Combination Chemotherapy & Lenalidomide in Newly Diagnosed Stage II-IV Peripheral T-cell Non-Hodgkin's Lymphoma

Not Recruiting

Trial ID: NCT02561273

Purpose

This phase I/II trial studies the side effects and best dose of lenalidomide when given together with combination chemotherapy and to see how well they work in treating patients with newly diagnosed stage II-IV peripheral T-cell non-Hodgkin's lymphoma. Drugs used in chemotherapy, such as cyclophosphamide, doxorubicin hydrochloride, vincristine sulfate, and etoposide, work in different ways to stop the growth of cancer cells, either by killing the cells, by stopping them from dividing, or by stopping them from spreading. Lenalidomide may stop the growth of peripheral T-cell non-Hodgkin's lymphoma by blocking the growth of new blood vessels necessary for cancer growth. Giving combination chemotherapy with lenalidomide may be a better treatment for peripheral T-cell non-Hodgkin's lymphoma.

Official Title

A Phase I/II Trial of CHOEP Chemotherapy Plus Lenalidomide as Front Line Therapy for Patients With Stage II, III and IV Peripheral T-Cell Non-Hodgkin's Lymphoma

Stanford Investigator(s)

Ranjana Advani
Ranjana Advani

Saul A. Rosenberg, MD, Professor of Lymphoma

Neel K. Gupta
Neel K. Gupta

Clinical Associate Professor, Medicine - Oncology Clinical Assistant Professor, Medicine - Hematology

Lauren Maeda
Lauren Maeda

Clinical Associate Professor, Medicine - Oncology

Eligibility


Inclusion Criteria:

   - Histologically confirmed new diagnosis of stage II, III and IV peripheral T-cell
   non-Hodgkin's lymphoma not otherwise specified (NOS), anaplastic large cell lymphoma
   (ALK negative) (ALK positive if IPI 3, 4, or 5), angioimmunoblastic T-cell lymphoma,
   enteropathy associated T-cell lymphoma, hepatosplenic gamma delta T-cell lymphoma

   - Pathology material: hematoxylin and eosin (H&E) stain and immunohistochemistry (IHC)
   slides or a representative formalin-fixed paraffin-embedded (FFPE) tissue block along
   with the pathology report from initial diagnosis, should be sent to be reviewed, and
   the diagnosis confirmed by Mayo Clinic department (retrospective diagnostic review:
   treatment may commence prior to the Mayo Clinic review)

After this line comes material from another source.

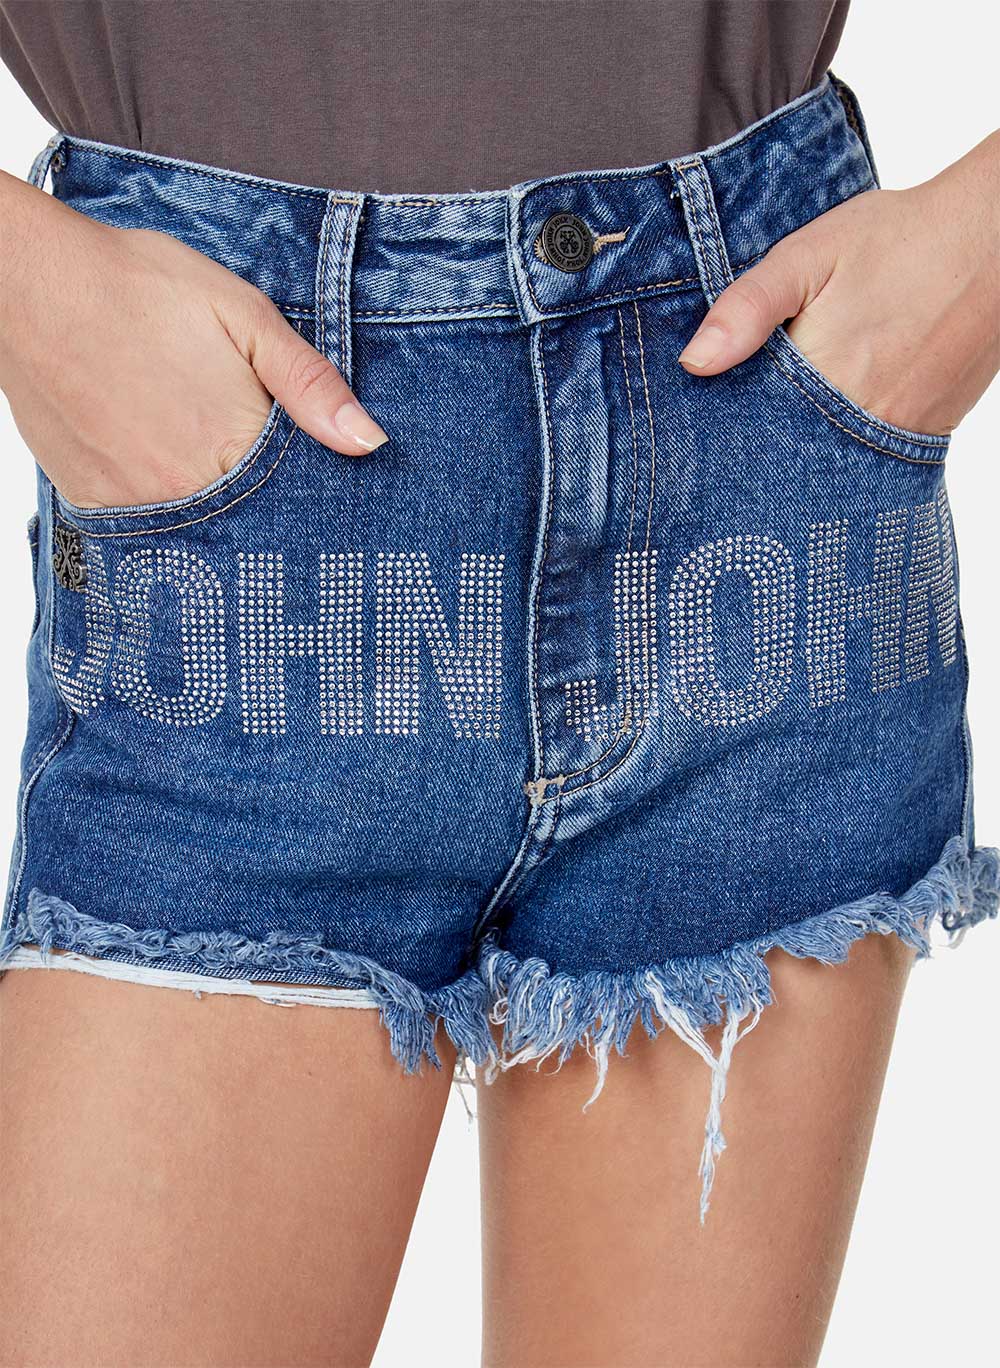 Shorts Jeans Boy Alto Phelps John John Feminino - John John

   - No prior therapy with the exception of prior radiation therapy and/or prednisone
   alone, at the discretion of the investigator based on current diagnosis and clinical
   condition; this prednisone treatment will not count toward the 6 cycles of treatment
   given in the study

   - Expected survival duration of > 3 months

   - Karnofsky performance status > 70

   - Absolute neutrophil count (ANC) > 1000 cells/mm^3, unless cytopenias due to
   non-Hodgkin lymphoma (NHL) (i.e., bone marrow involvement or splenomegaly)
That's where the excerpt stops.